Well, she was naive to belief a silly story like that, but then she probably really wanted to believe him and his excuse for disappearing. But as your story continues, it does sound increasingly as though your friend is becoming mentally disturbed in some way, and only a proper assessment by a psychiatrist could clarify whether this is so, and what sort of problem this is, and what would best be done about it.
What you describe sounds very like a psychotic illness, posibly schizophrenia, and really in need of assessment and treatment.
Next of kin can request that she be examined and possibly admitted to hospital for further assessment and even treatment if the doctors who examine her agree that she might be a danger to herself or others. If she behaves peculiarly in public, the police may be able to use a different section of the law to also take her for assessment. Her GP could also start the ball rolling.
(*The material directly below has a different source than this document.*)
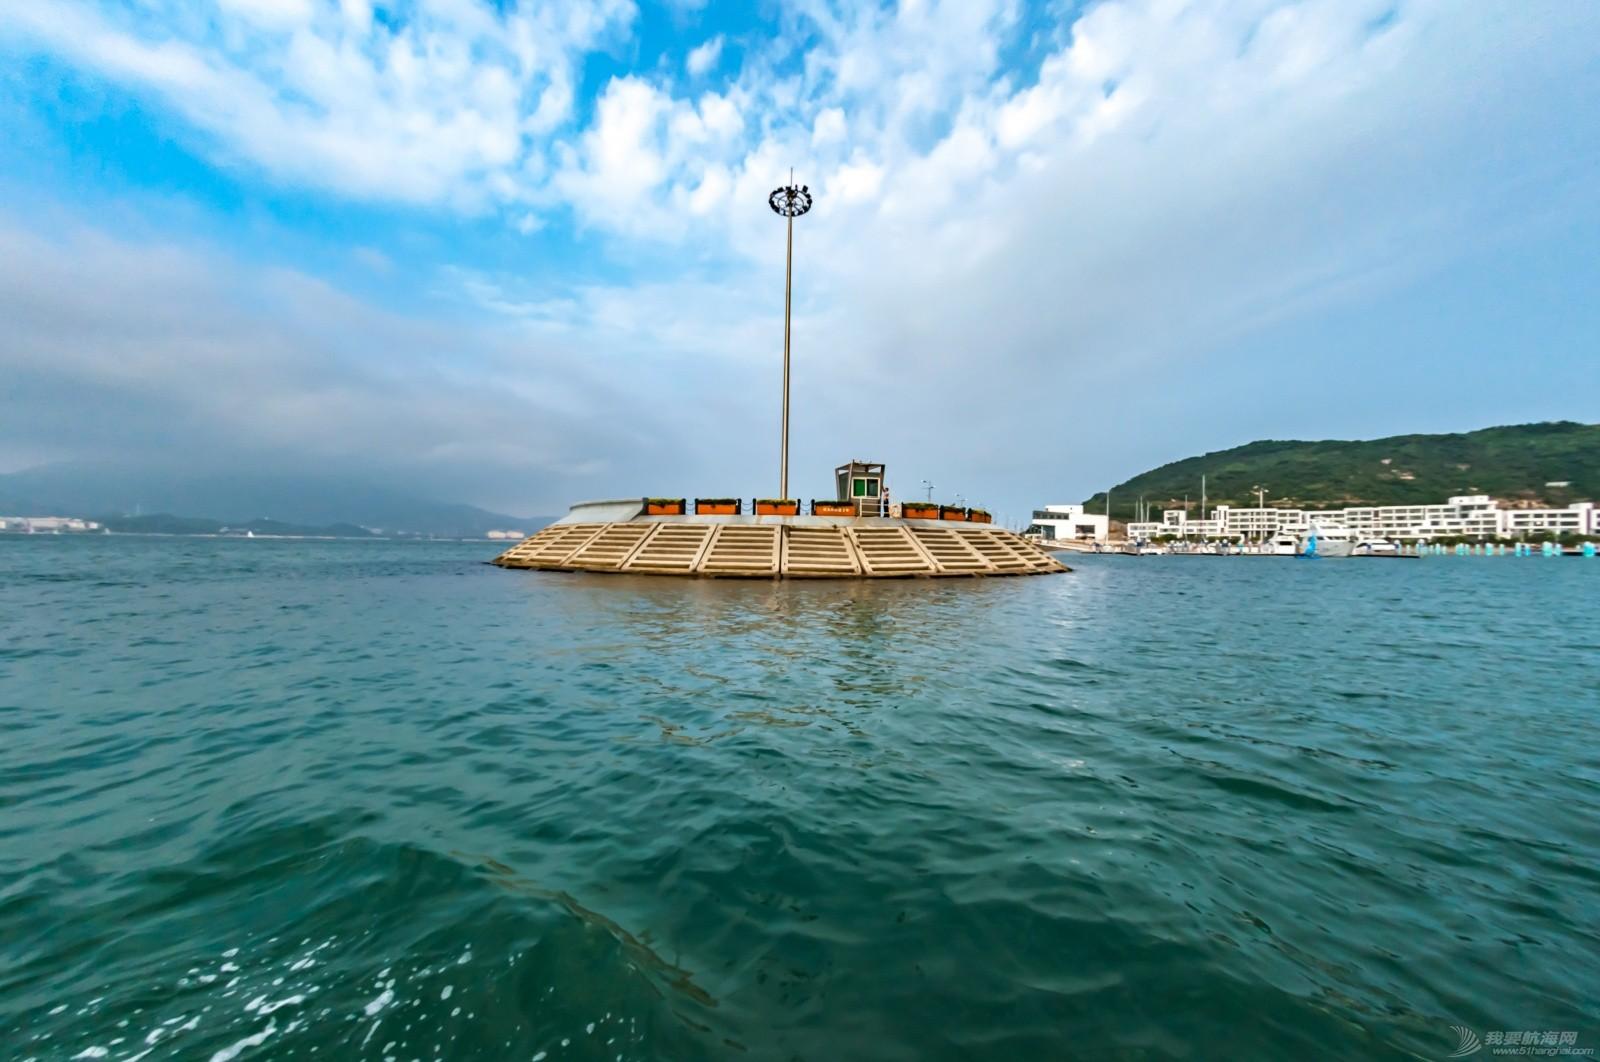 帆船 【2015大鹏杯帆船赛】鱼眼看航海 16043.jpg
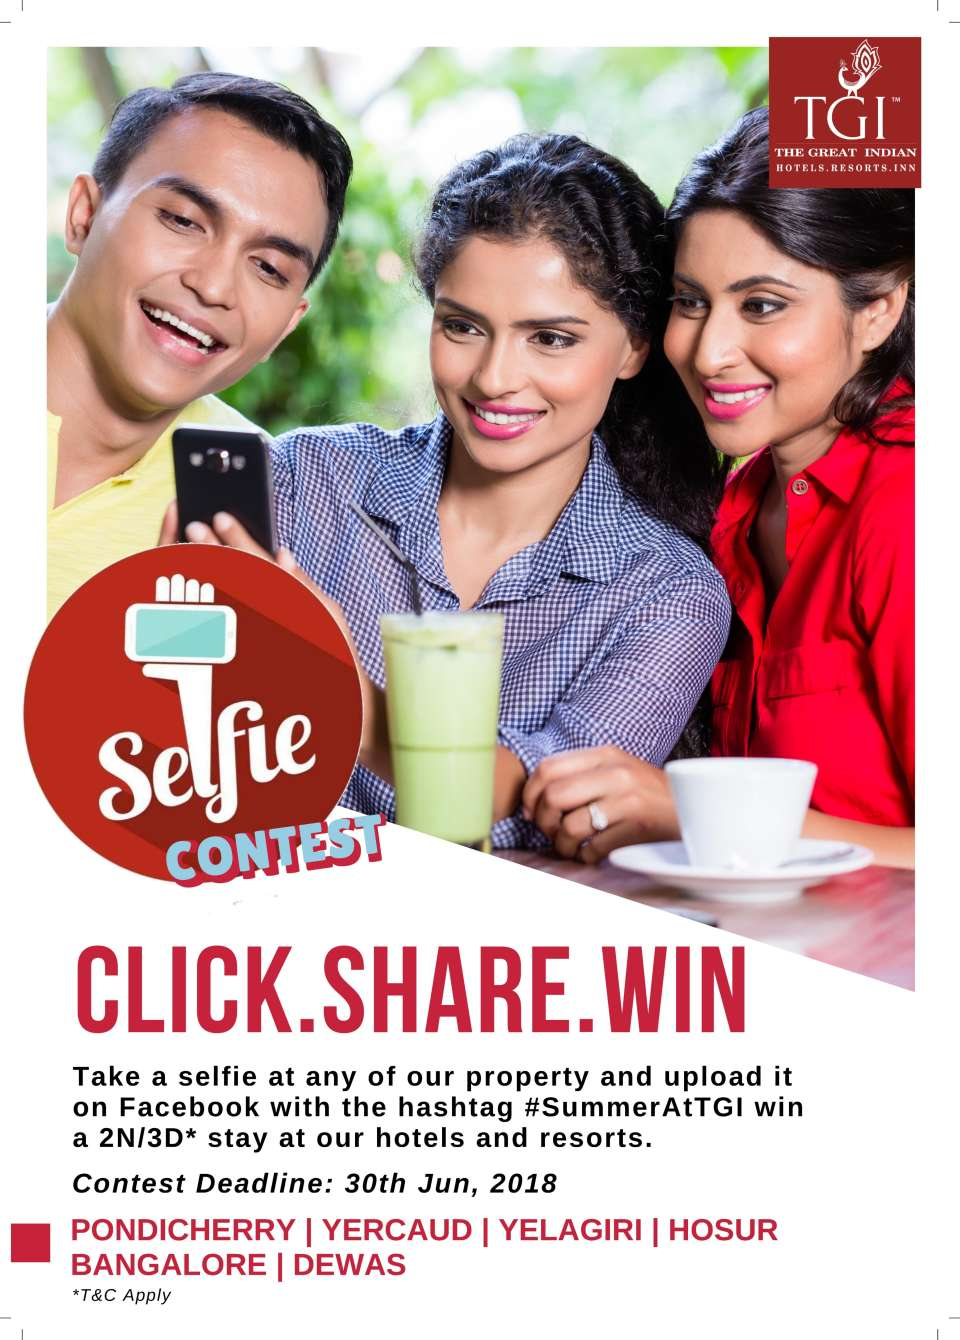 Selfie contest xb96fr

As you'll understand, there's no easy way to just get someone "picked up" - if it was easy, imagine the chaos as so many people could abuse that process !
Sometimes you can persuade someone to seek help, even from a GP ( they may be very sensitive at first to the idea of seeing a psychiatrist ) and if the GP is priomed with background information, he can assess better - by talking sympathetically with her, not confirming that the odd things she describes are real, but not arguing about them either, and sympathizing about how awful that is, and how it must put a great strain on her, and maybe a good doctor who understands this type of thing could help her, maybe with some medication to reduce the stress and help her to feel better.